About this exercise: In the material below, pictures must be dropped. Repeat exactly, and only, the lines from the line with "Sierra Nevada Bigfoot" to the line with "adidas men's football turf shoes", both ends included.

--- Data provided Enclosed Below ---

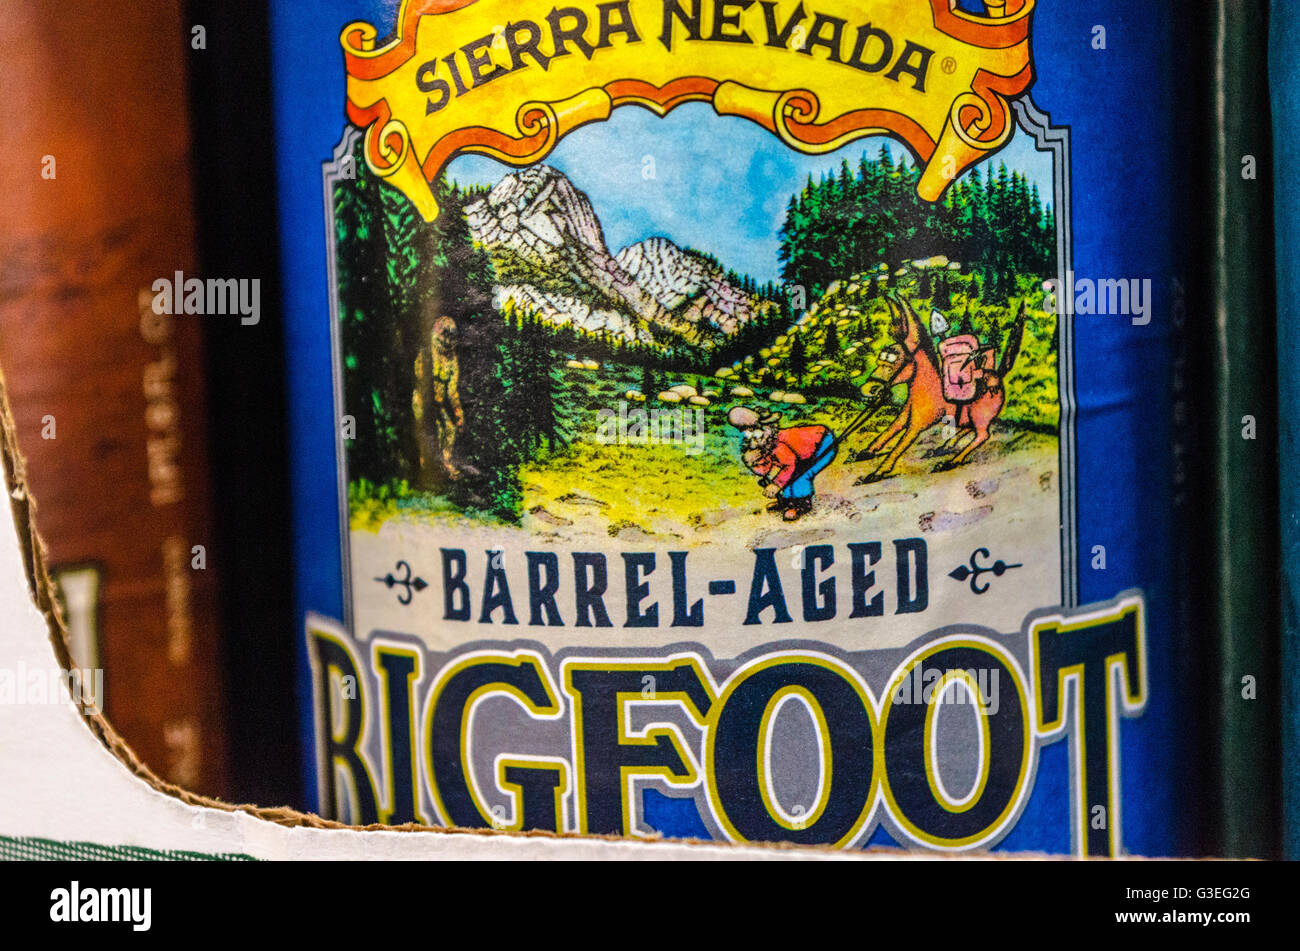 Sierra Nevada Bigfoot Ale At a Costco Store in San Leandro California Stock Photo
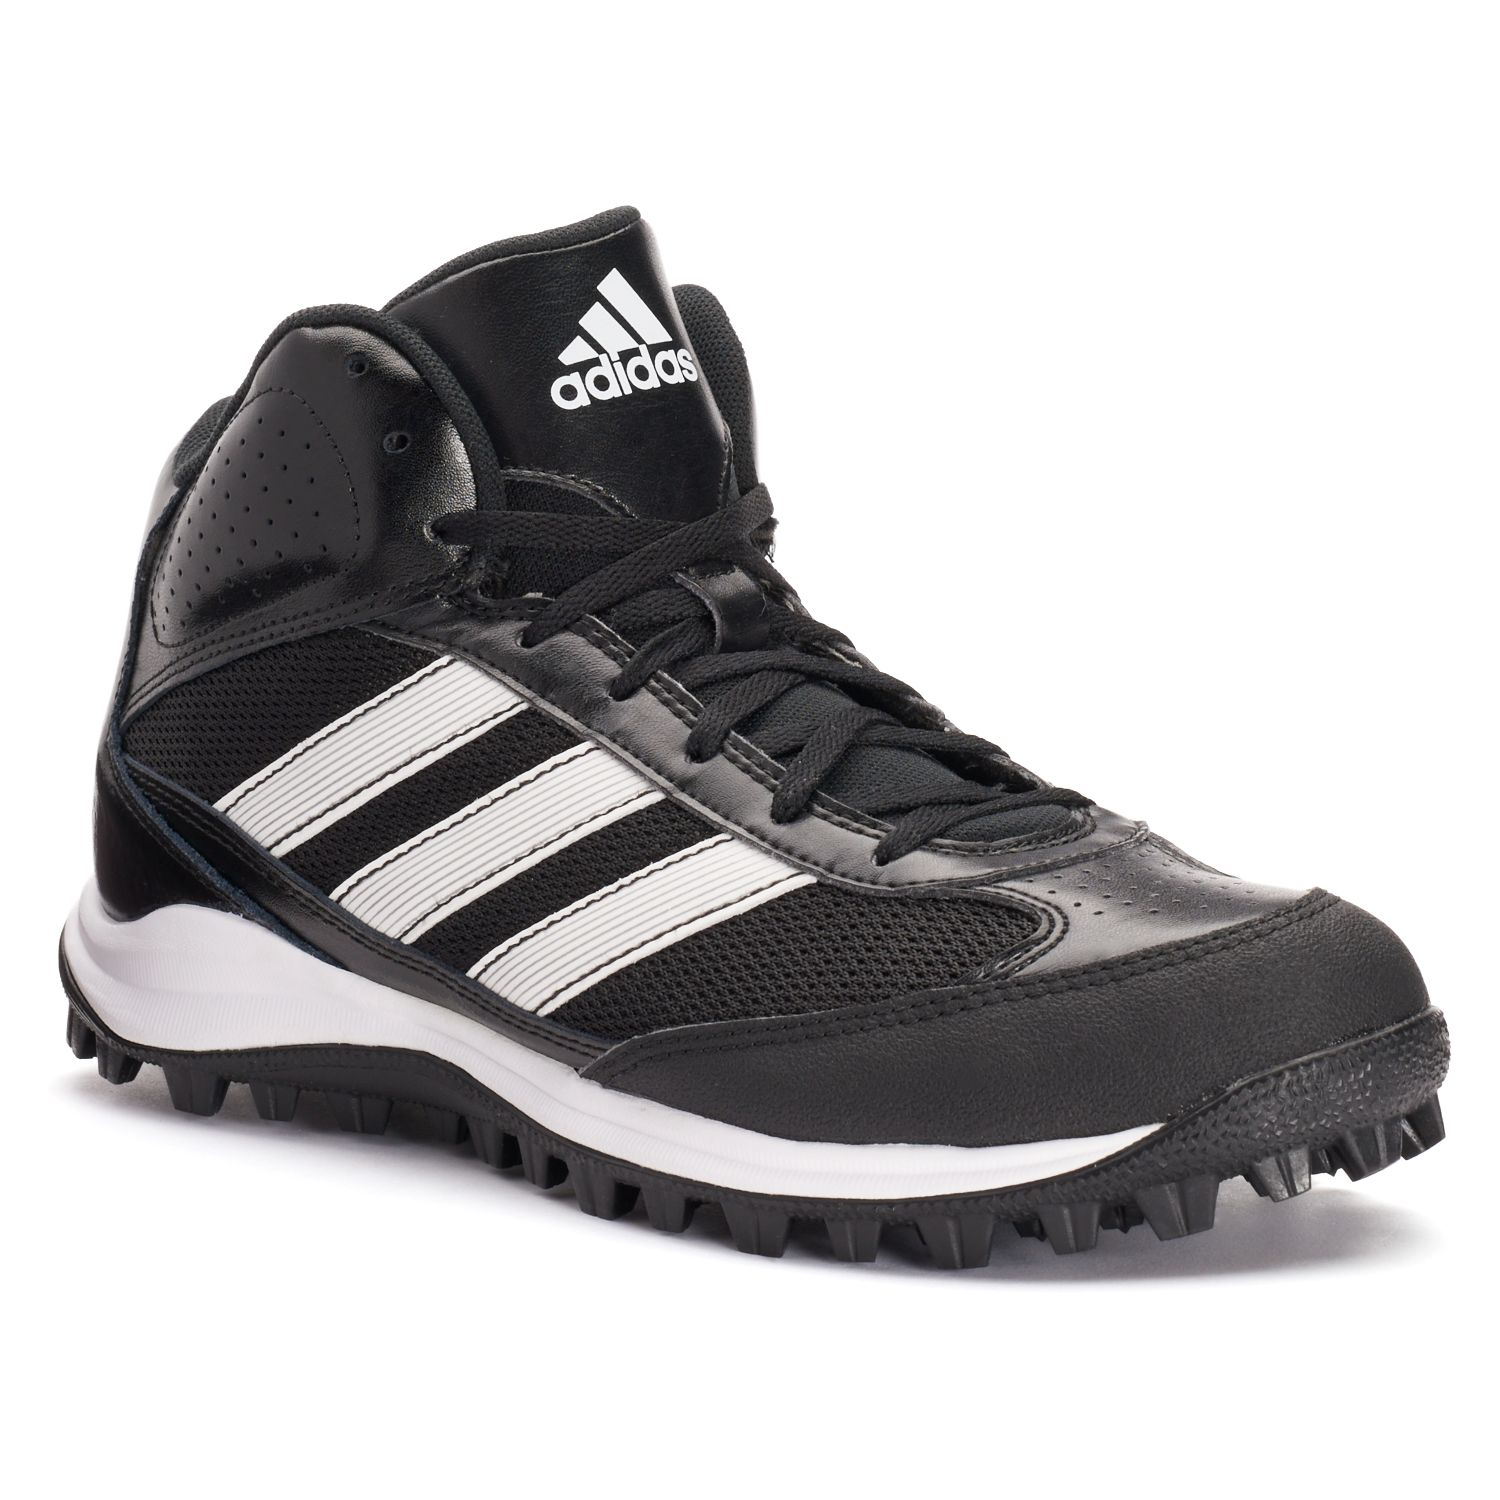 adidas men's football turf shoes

--- End of Enclosed Data provided ---
--- Data provided Enclosed Below ---

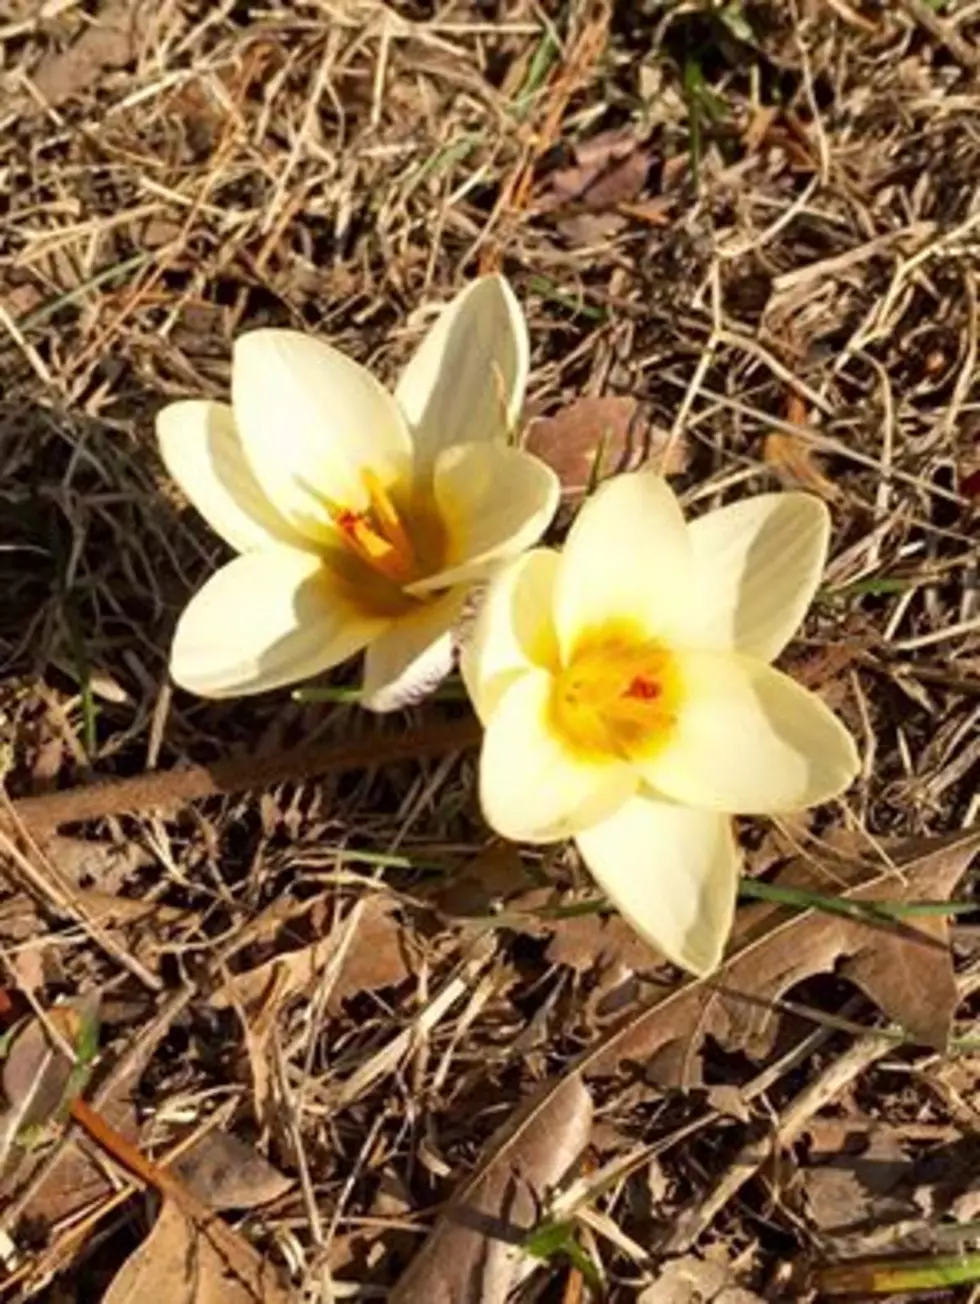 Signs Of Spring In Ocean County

--- End of Enclosed Data provided ---
--- Data provided Enclosed Below ---

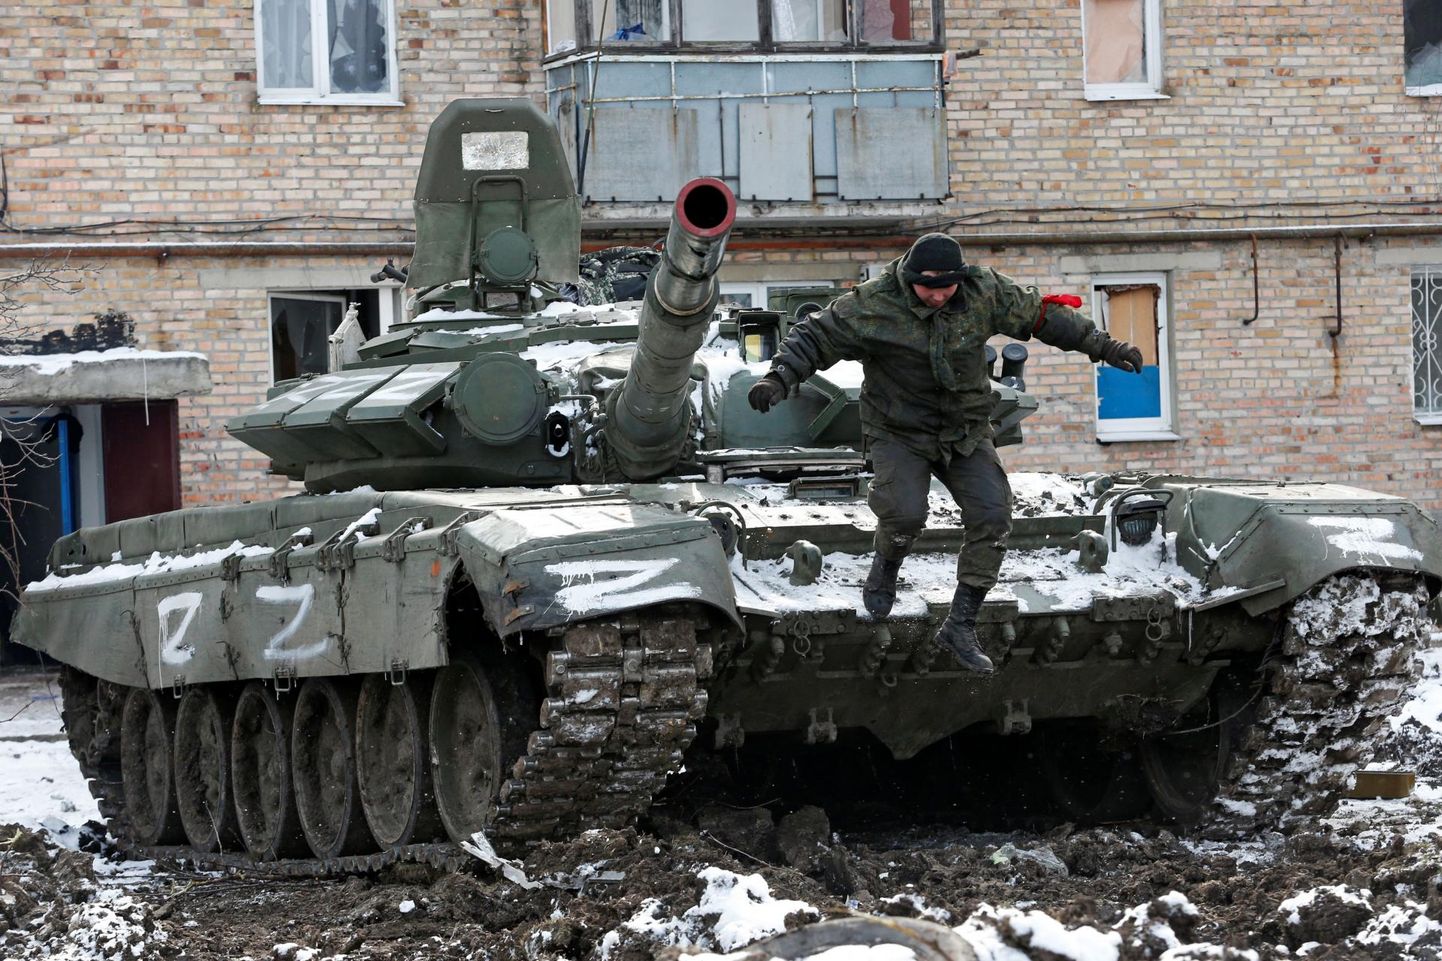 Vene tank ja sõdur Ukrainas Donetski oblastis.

--- End of Enclosed Data provided ---

Completed exercise:
 Sierra Nevada Bigfoot Ale At a Costco Store in San Leandro California Stock Photo
 adidas men's football turf shoes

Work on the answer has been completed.